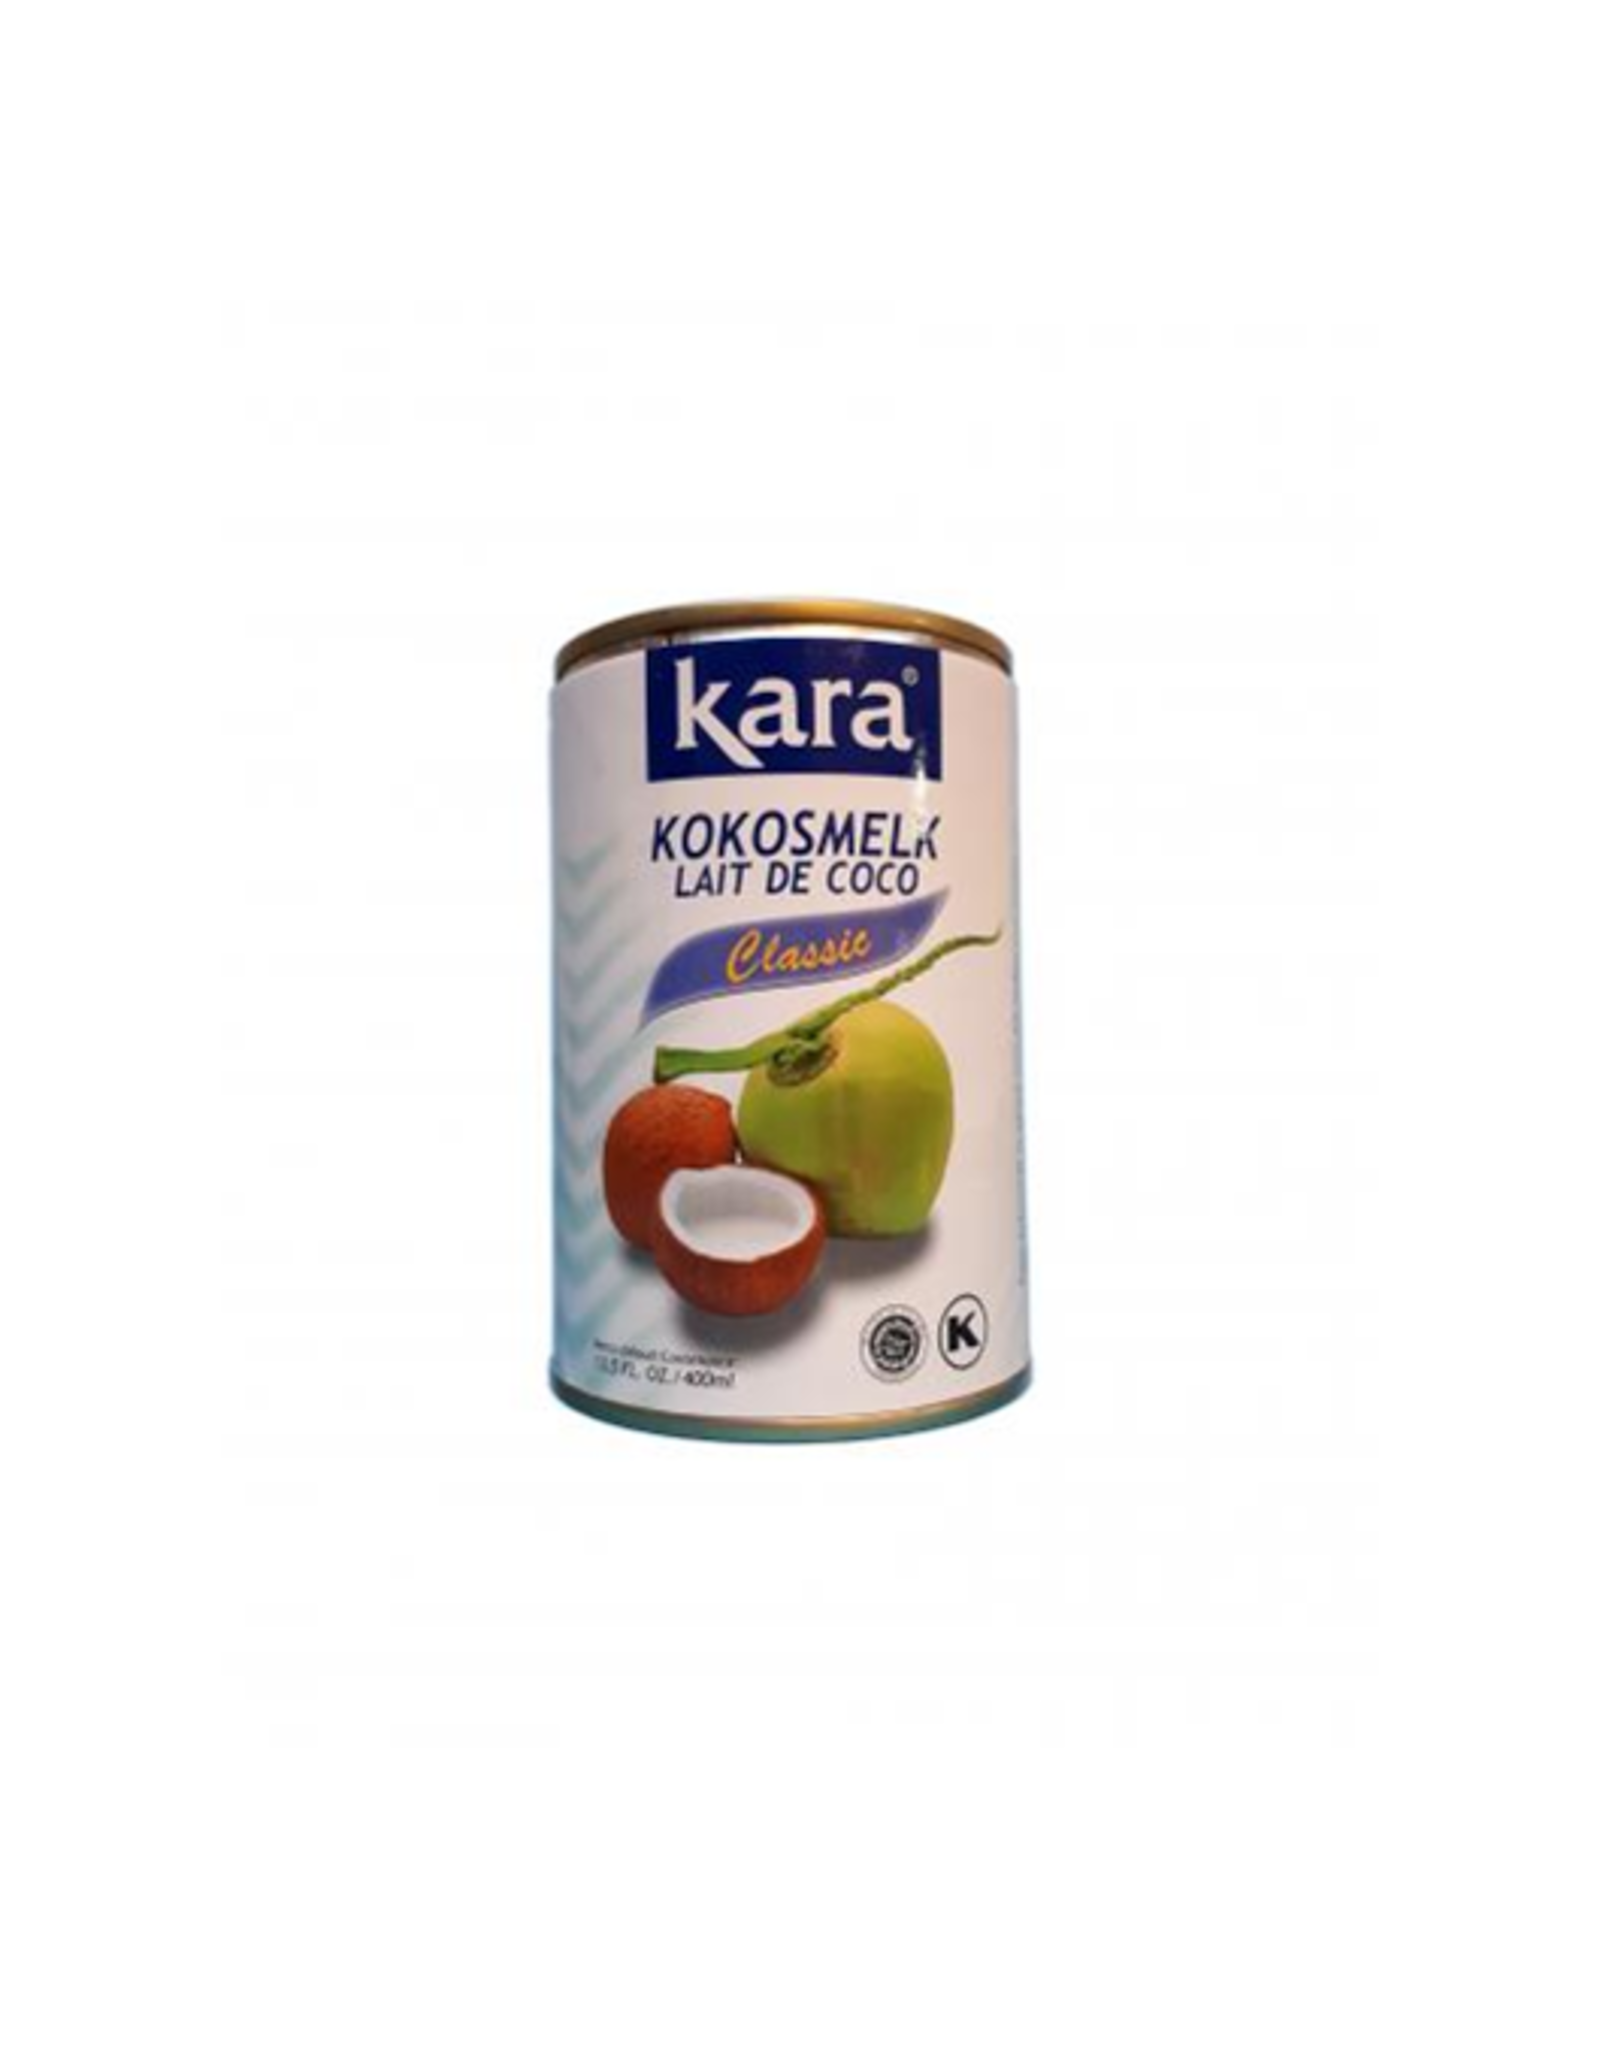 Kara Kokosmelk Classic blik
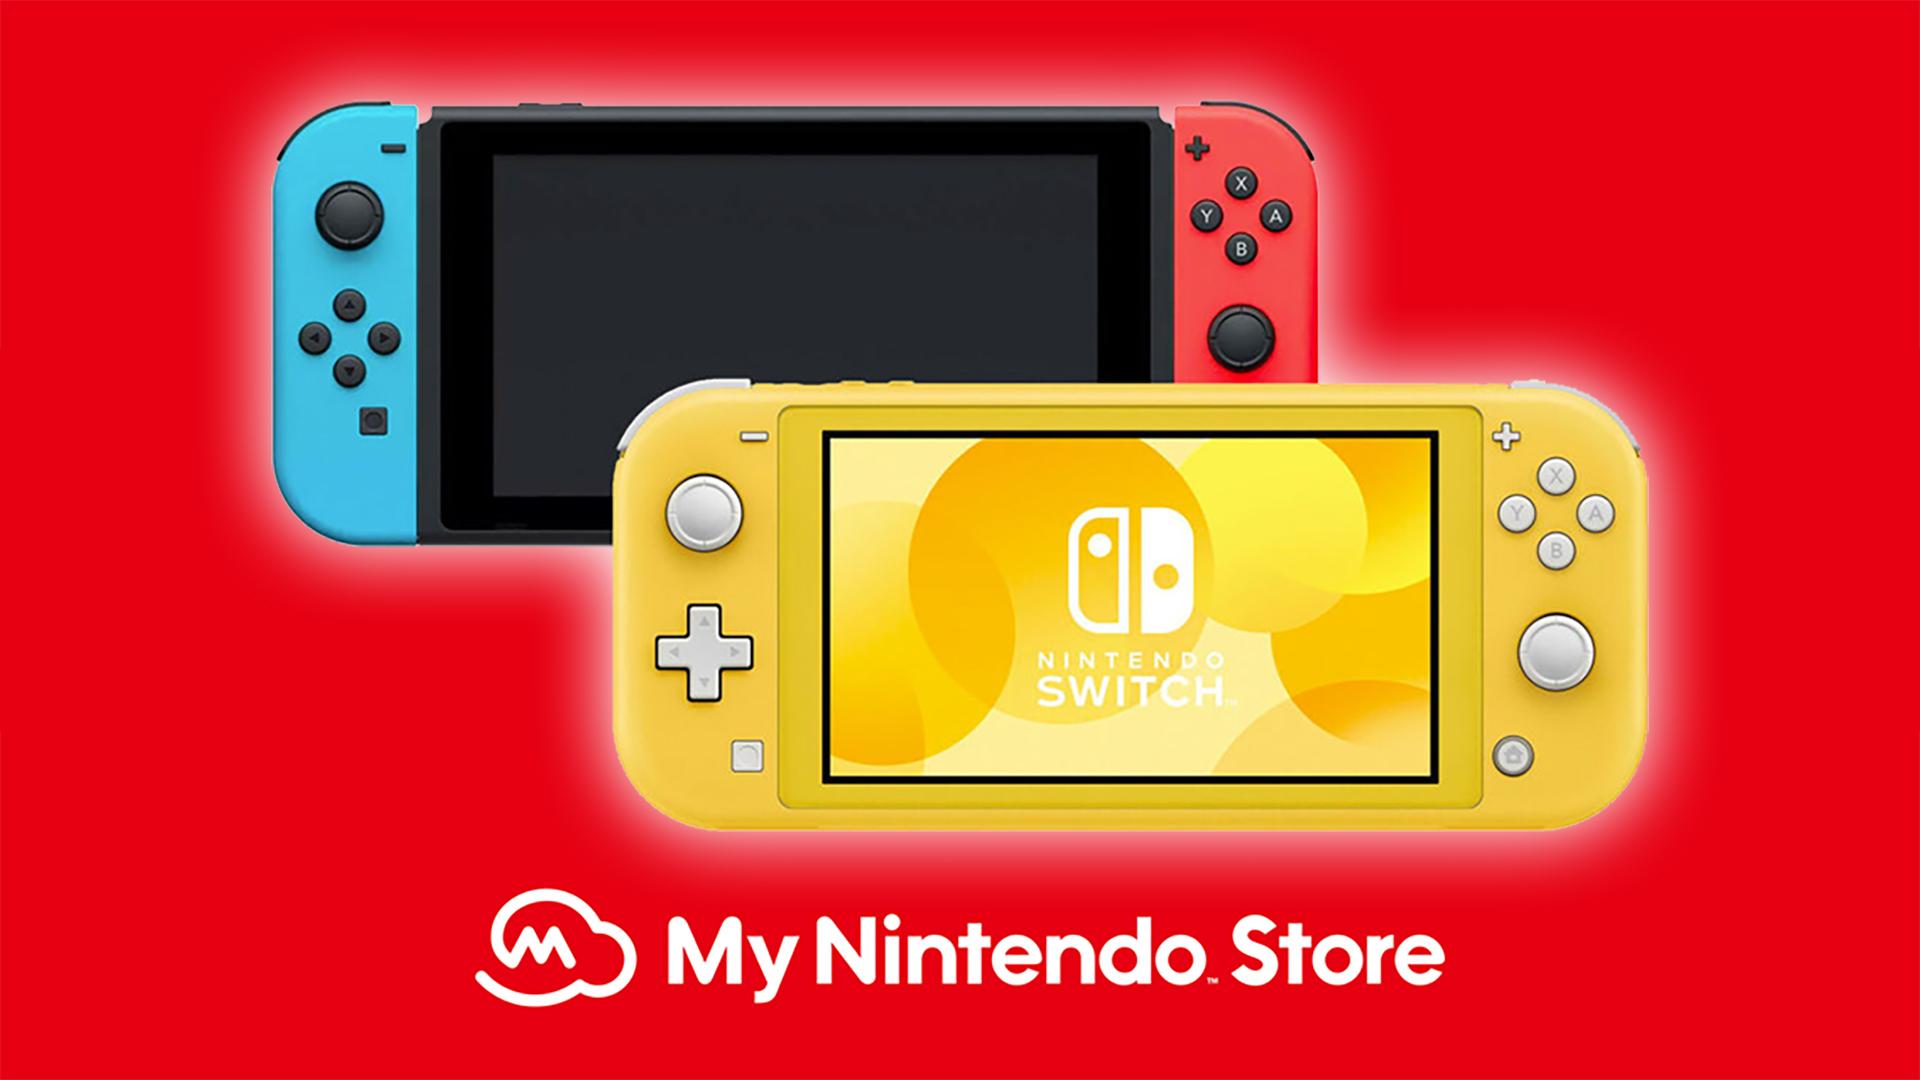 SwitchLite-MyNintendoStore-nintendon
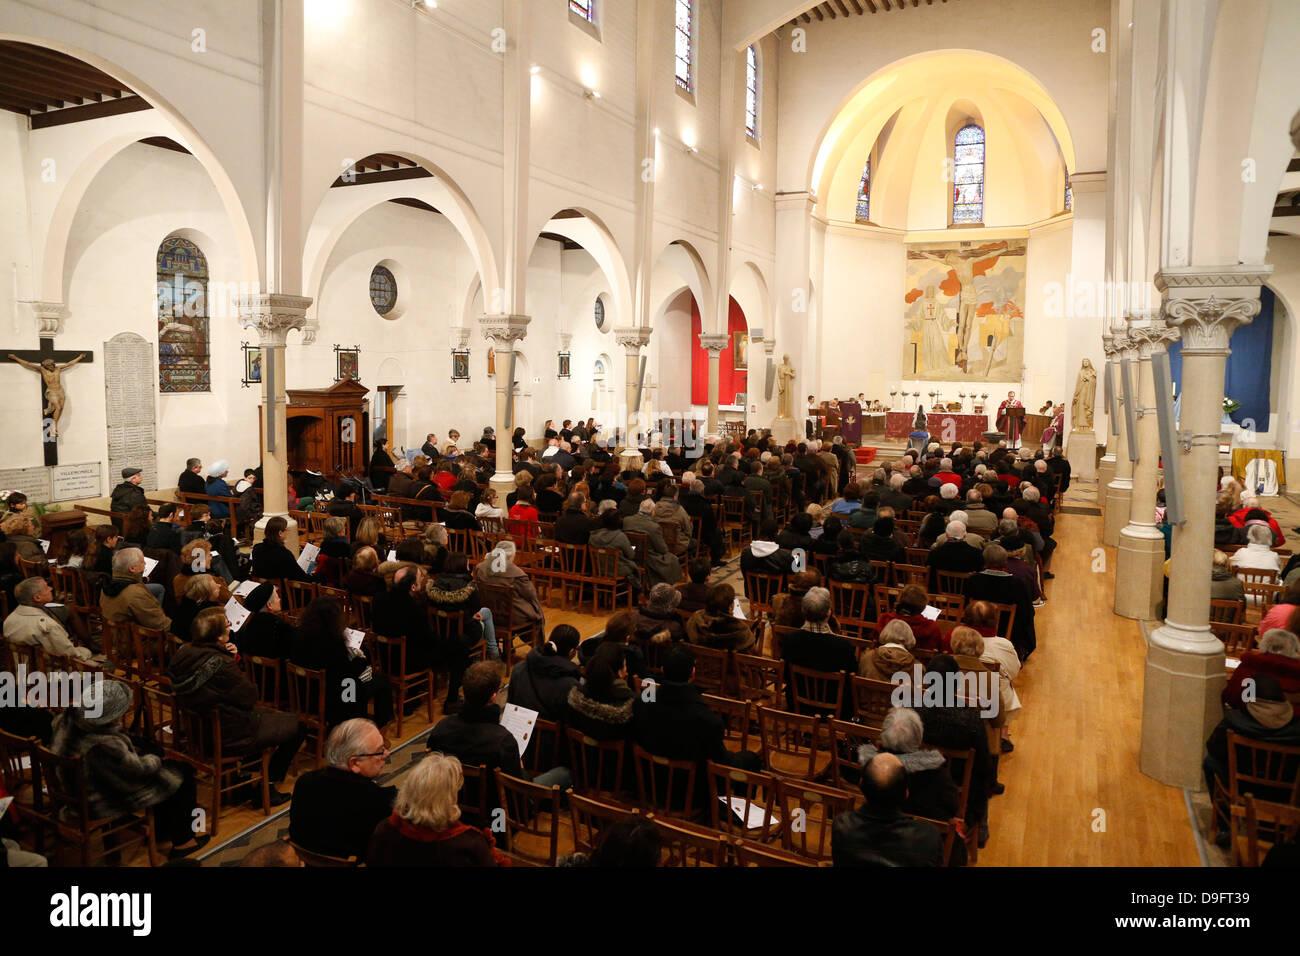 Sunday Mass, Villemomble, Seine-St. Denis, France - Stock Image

• • • •

**WHAT YOU WILL DO**.
The copy must match the listing above exactly, except that it holds no pictures.

**WRITTEN SOLUTION**.
 Kara Kokosmelk Classic blik
 SwitchLite-MyNintendoStore-nintendon
 Sunday Mass, Villemomble, Seine-St. Denis, France - Stock Image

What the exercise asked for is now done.